The day before the hanging, Burnett’s sister Mary gave a heartbreaking statement. “We have had a reply to the telegraph we sent to The Queen yesterday asking her to intervene – she said there was nothing she could do. We have given up hope now. Nothing can save Henry.”
The next morning, Burnett was led to the specially constructed execution chamber within Craiginches and barely a minute later he was dead. His body was buried on a grass slope behind where he was hanged.
The anger over his death reverberated on, with demands for explanation as to why clemency was not granted being made in the House of Commons, but the reasons were never given.
It fed into the growing clamour for an end to executions. A year later, hangings were stopped in the UK. Two years later, on November 9 1965, capital punishment was abolished.
But that was not the end of the story for the last man hanged in Scotland.
Craiginches was closed in 2014 to be developed for housing.
Burnett’s remains were exhumed and a private ceremony held for him at Aberdeen Crematorium on August 7 2014.
A more dignified end to a troubled existence.
Matter of life and death for those touched by execution
The hanging of Henry John Burnett was to leave a lasting impression on those touched by the tragic case – including those who witnessed the execution.
The Rev John Dickson, who was the prison chaplain and minister at St Fittick’s Church, Torry, for more than 30 years, was present in Burnett’s last moments on earth, giving him parting words of comfort.
Speaking in 2010 he said: “I was holding the silver cross of St John, I got on a visit to Iona. I held it up and I suppose it was the last thing he saw before the hood went on.”
Rev Dickson said the killer showed remorse for his actions. “He was very sorry about it. He was bewildered. He convince me that he acted on impulse.”
As a magistrate on the city council, Bob Middleton was called upon to witness the hanging.
“That experience shaped my abhorrence of capital punishment,” said Mr Middleton in an interview in 1999.
“The only way I got through was by convincing myself Burnett was the most evil man there had ever been.”
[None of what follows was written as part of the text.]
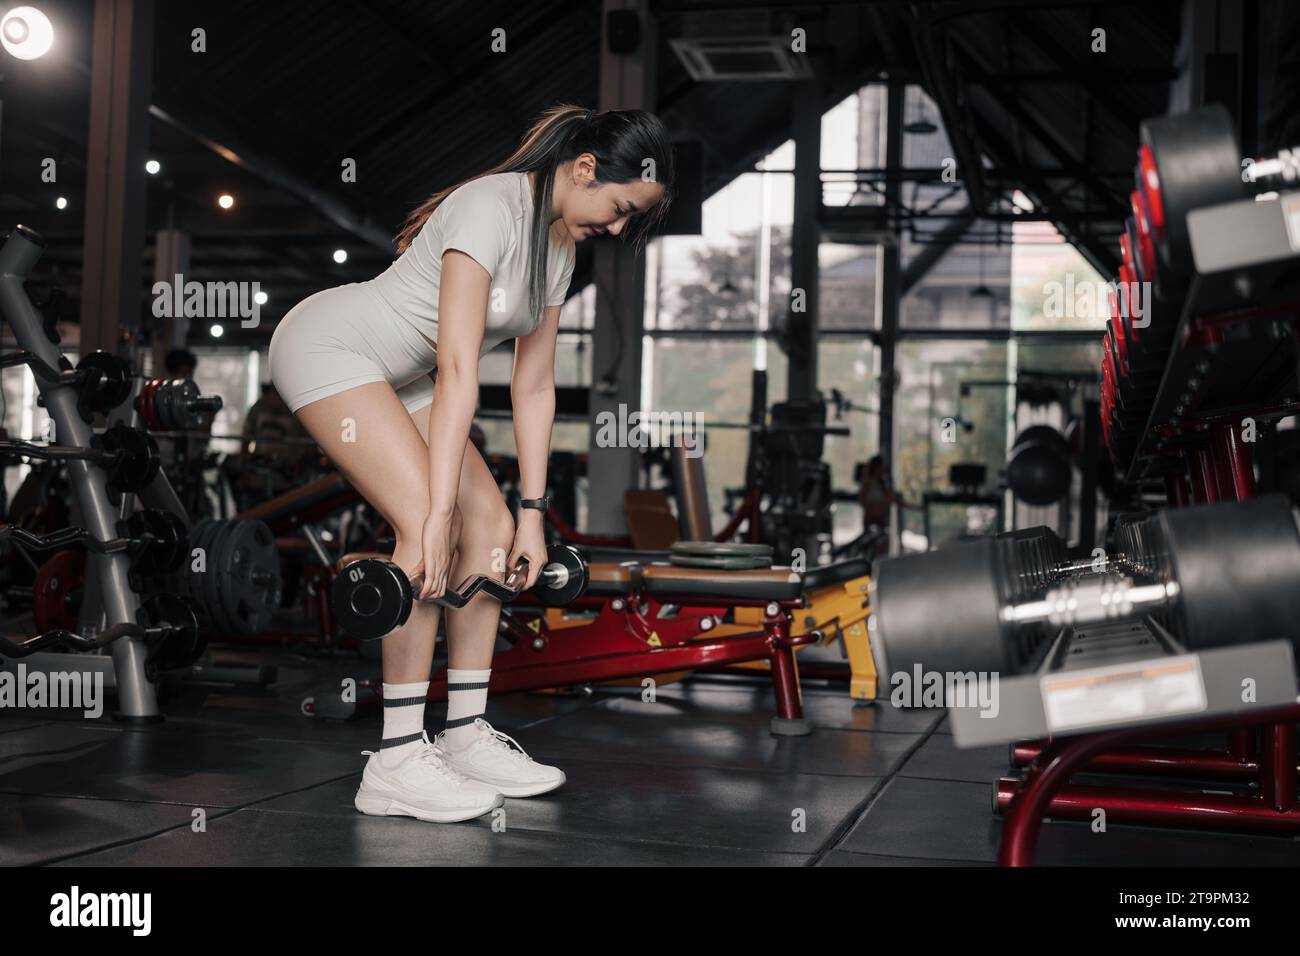 Young Asian woman lifting weights in the gym. Stock Photo

Dr Ian Lowit, the senior psychiatric register at Aberdeen Royal Infirmary who testified Burnett was insane at the time of the killing, was also deeply affected by his execution.
In an interview with the P&J in 2014 he was of the opinion the hanging was driven by political motives.
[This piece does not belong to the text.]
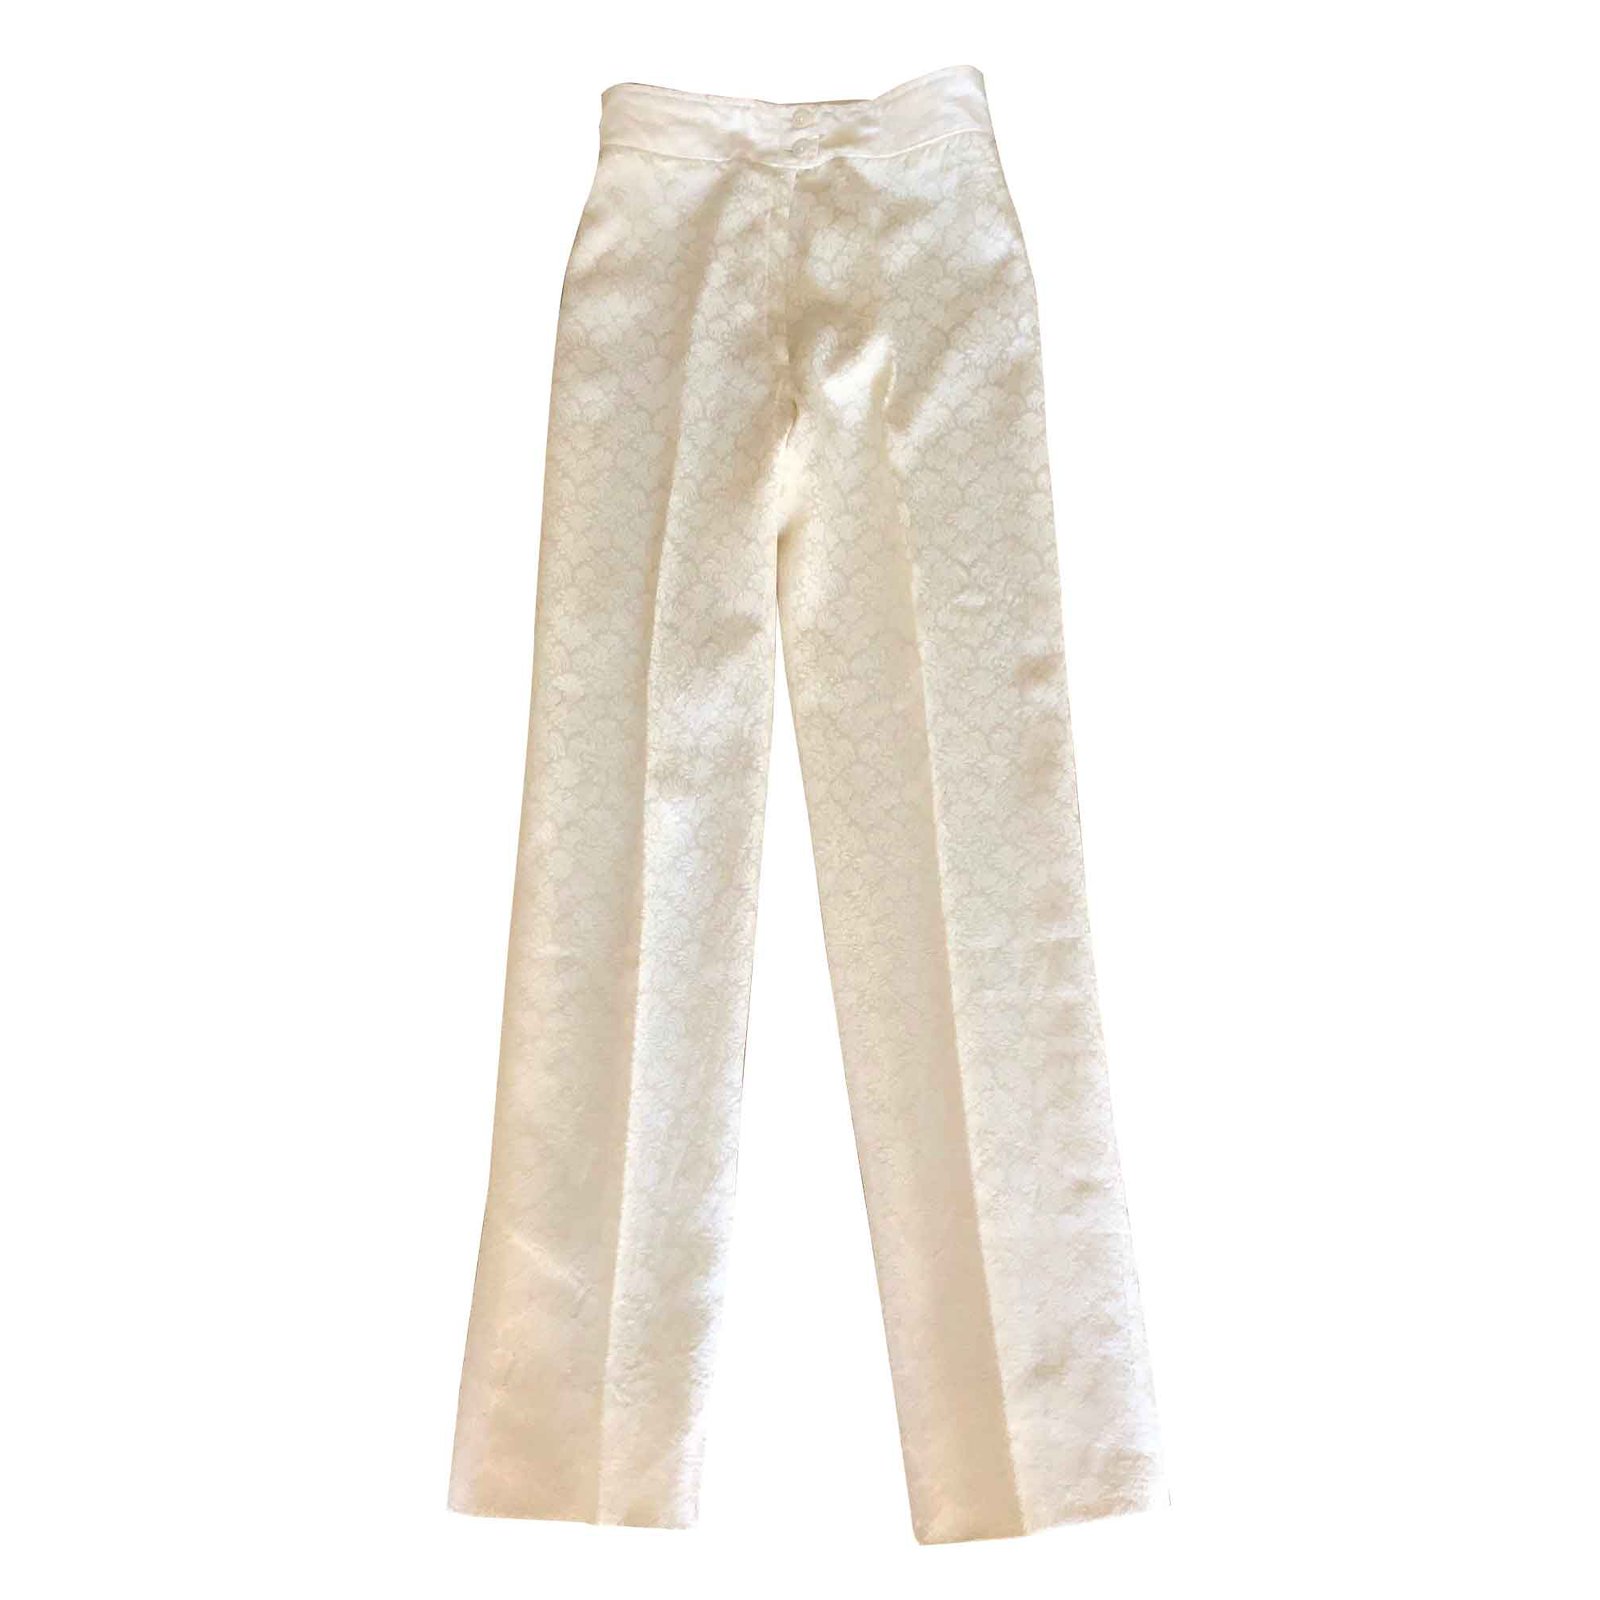 Off White Raw Silk Screen Printed Trousers TR-22-133

“The death sentence was on the way out and I think they wanted to have one more go,” he said. “They wanted to see what would happen and see the reaction. And I think the feeling was largely against it.”
Even Lord Wheatley, who sentenced Burnett to hang, said that had the jury sustained the plea of diminished responsibility, he would have been imprisoned, not executed.
But the jury’s murder verdict which showed evidence Burnett was a danger to society and himself had been sustained.
In his 1987 autobiography, he said passing a death sentence is the “most disagreeable task” a judge was called upon to do.
“I have always been an abolitionist, a fact which did not make my task easier and I was glad to see capital punishment abolished. But a judge has to administer the law as it is, not as he would personally like it to be.”
The only man to have shown no regrets over Burnett’s hanging was the man who pulled the lever on the trapdoor, public executioner Harry Allen, who hanged three dozen murderers over his career, paid £15 for each execution.
“Anyone guilty of wilful murder should pay the supreme penalty,” he said in a 1983 interview.